--- Your goal ---
Give back every line of the data exactly. Pictures are not part of the copy.

--- Data shown ---

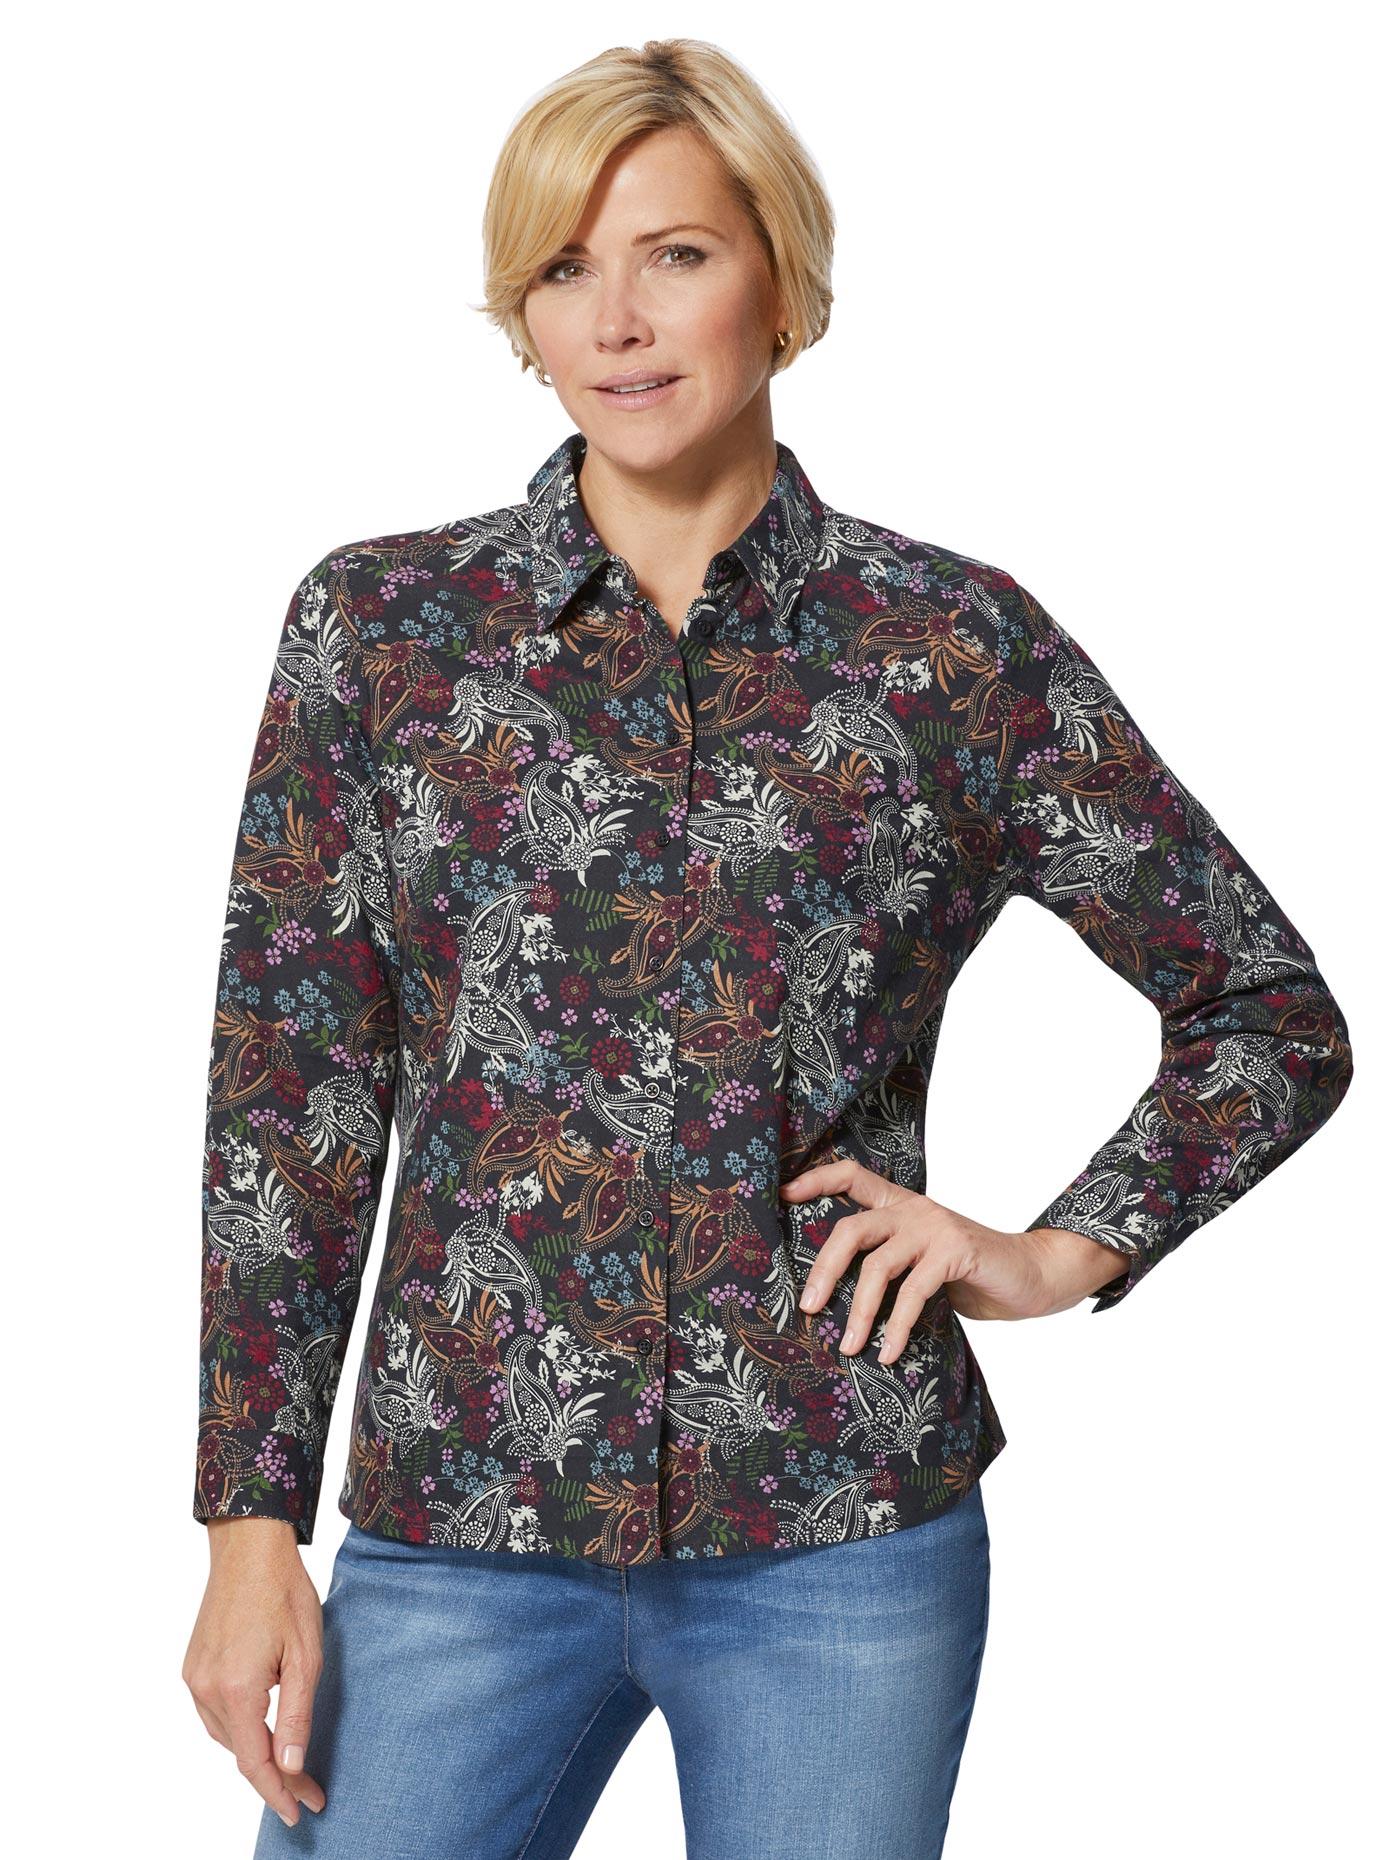 Classic Basics Bluse mit einem Muster-Mix aus Blümchen und Paisley-Ornamenten
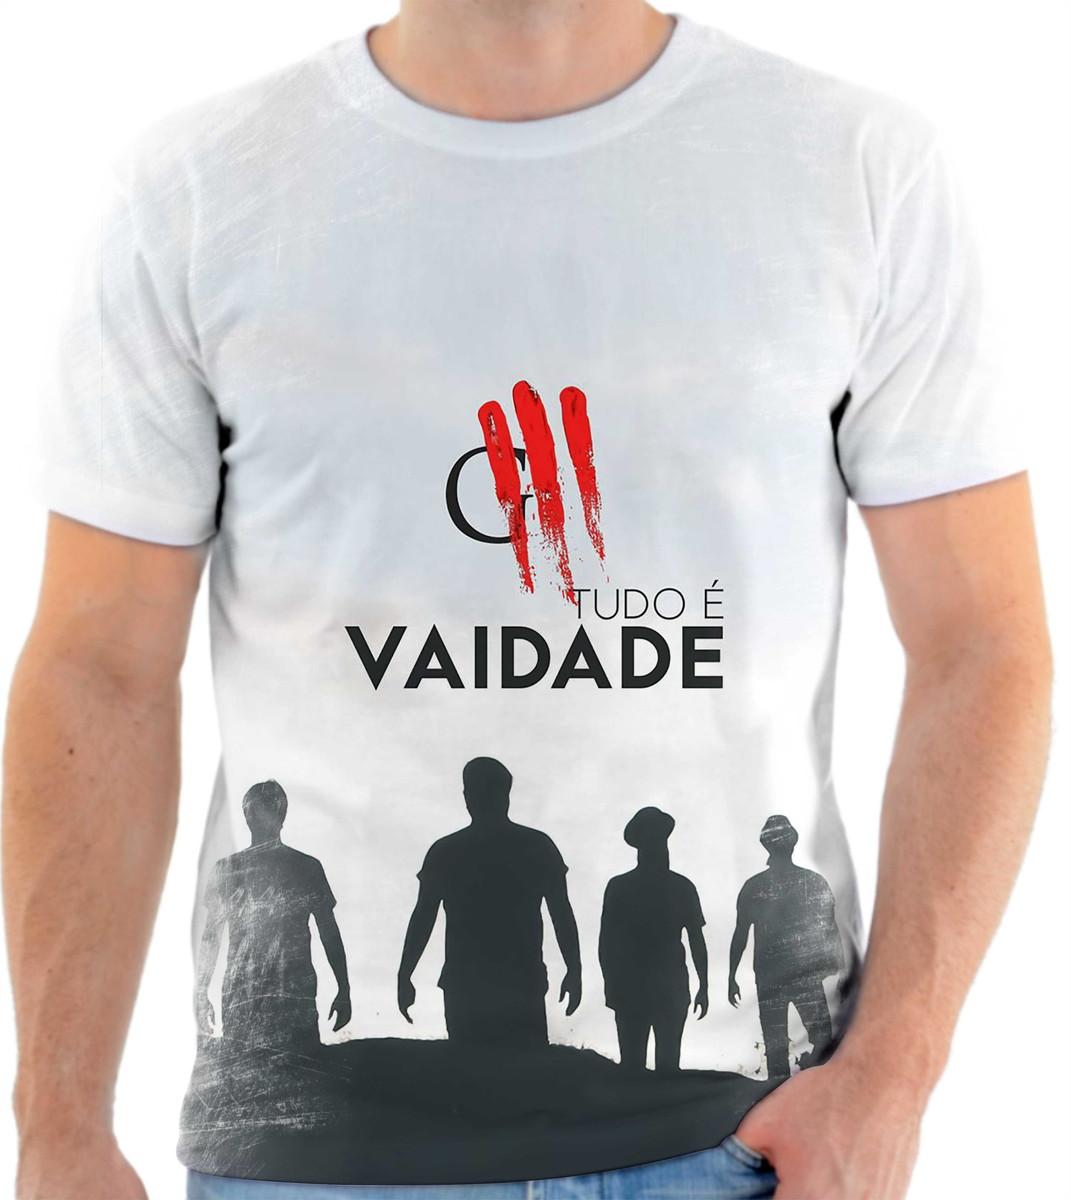 Camisa Camiseta Personalizada Banda De Rock Oficina G3 6 no Elo7 ... 89b39c3d72711
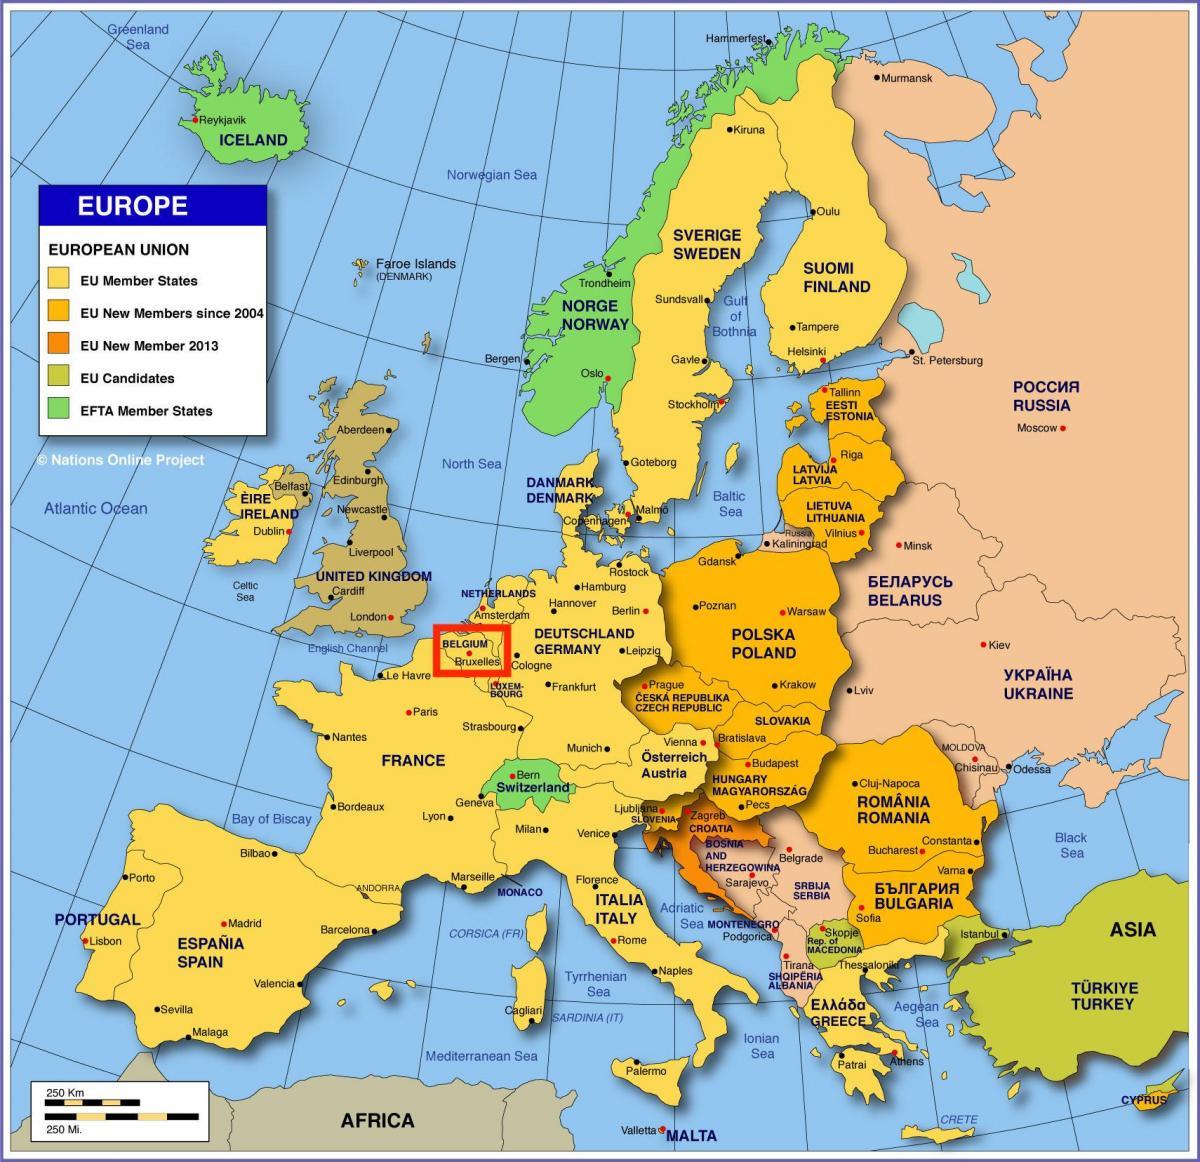 Bruxelles Harta Europei Harta Europei Arată Bruxelles Belgia
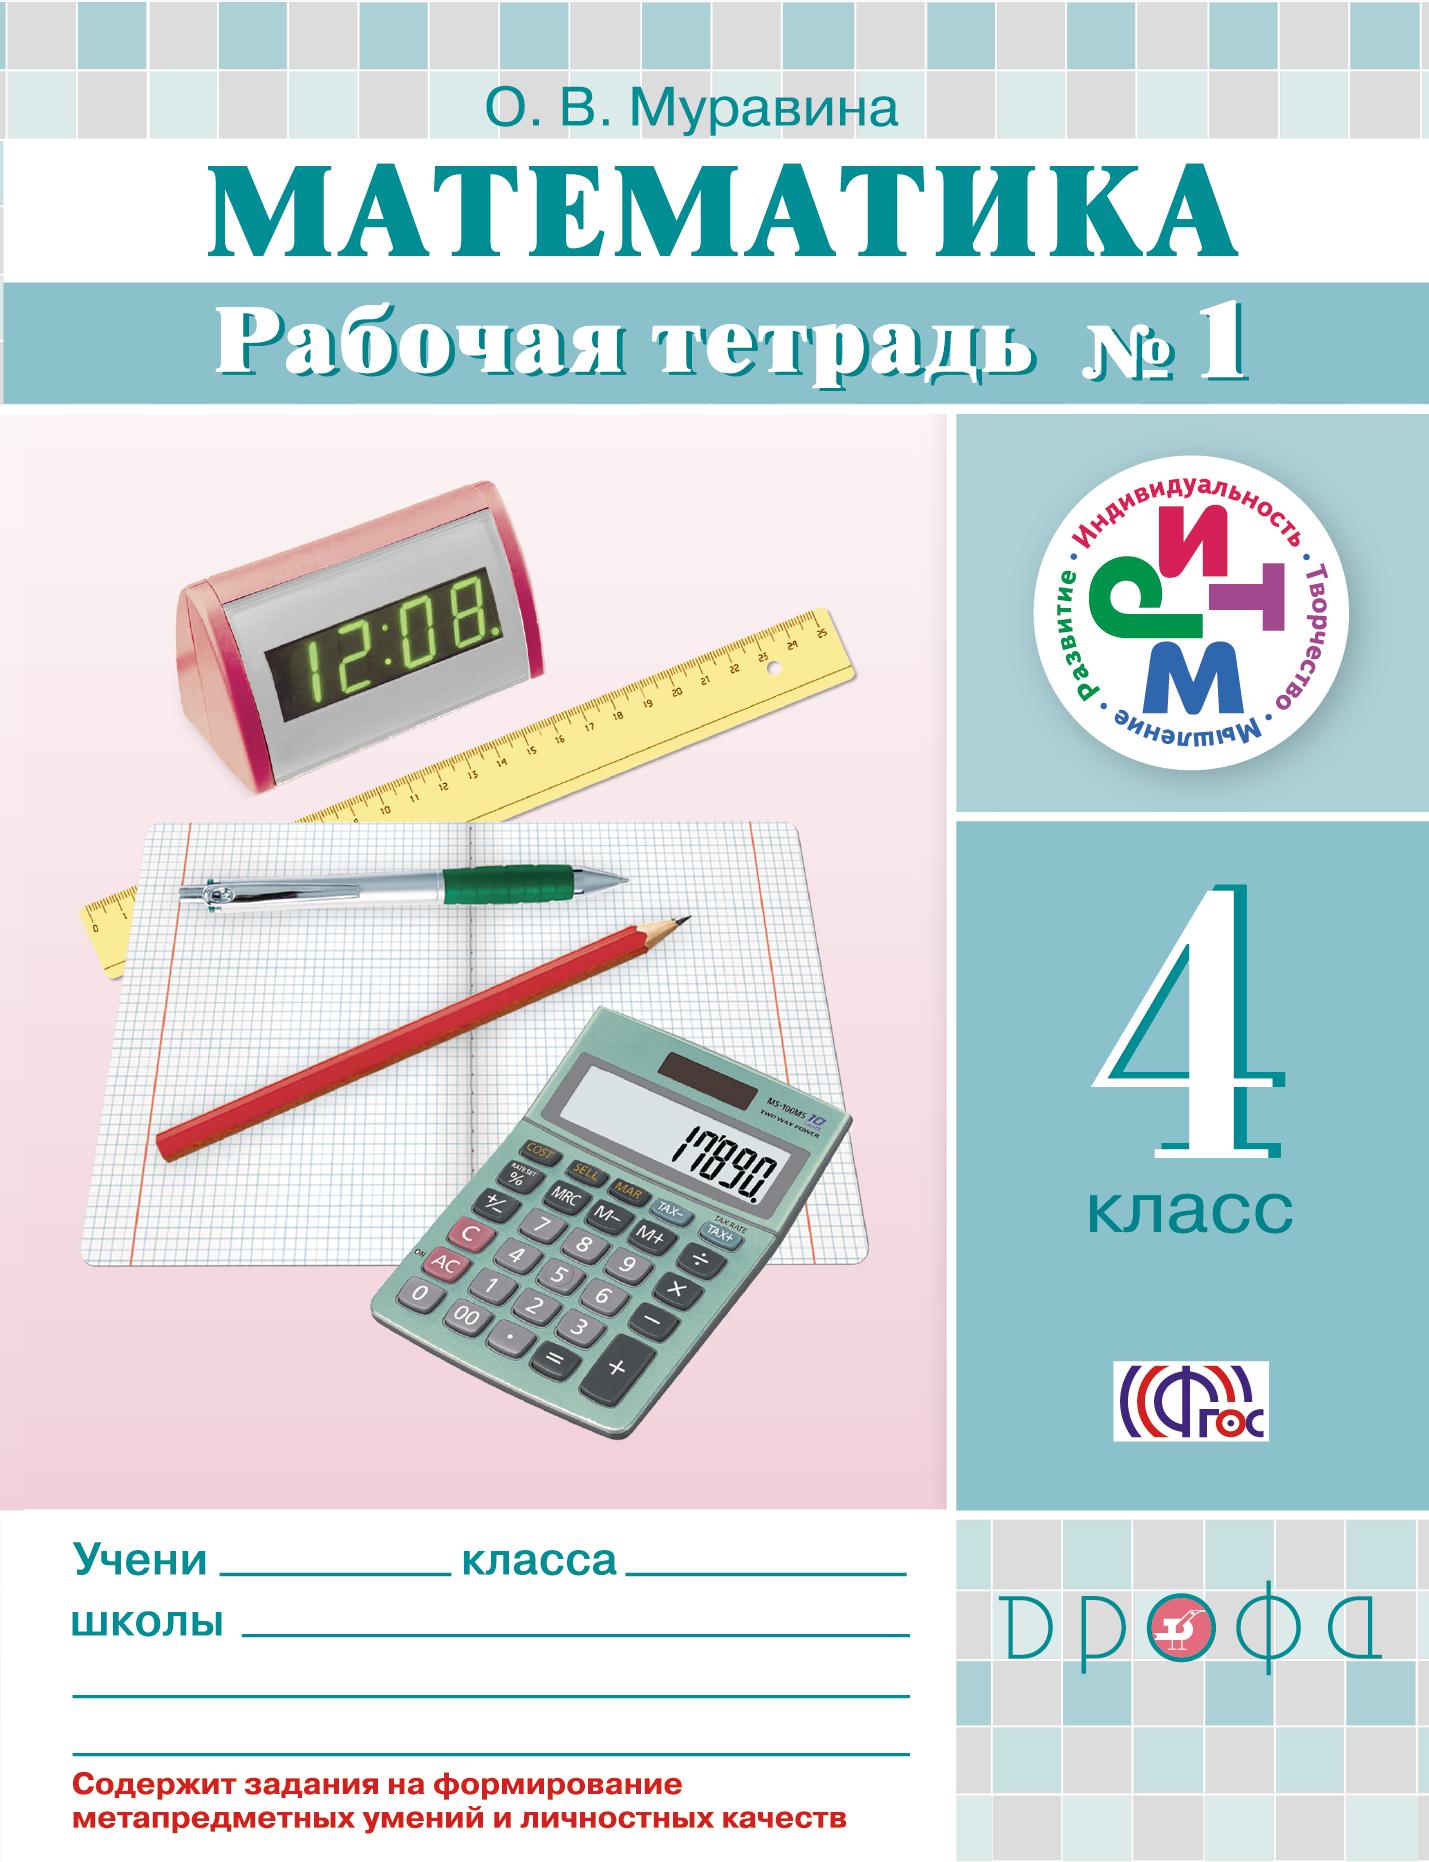 Математика 4кл [Р/т №1] РИТМ

--- Solution to the exercise ---
 Classic Basics Bluse mit einem Muster-Mix aus Blümchen und Paisley-Ornamenten
 Camisa Camiseta Personalizada Banda De Rock Oficina G3 6 no Elo7 ... 89b39c3d72711
 Bruxelles Harta Europei Harta Europei Arată Bruxelles Belgia
 Математика 4кл [Р/т №1] РИТМ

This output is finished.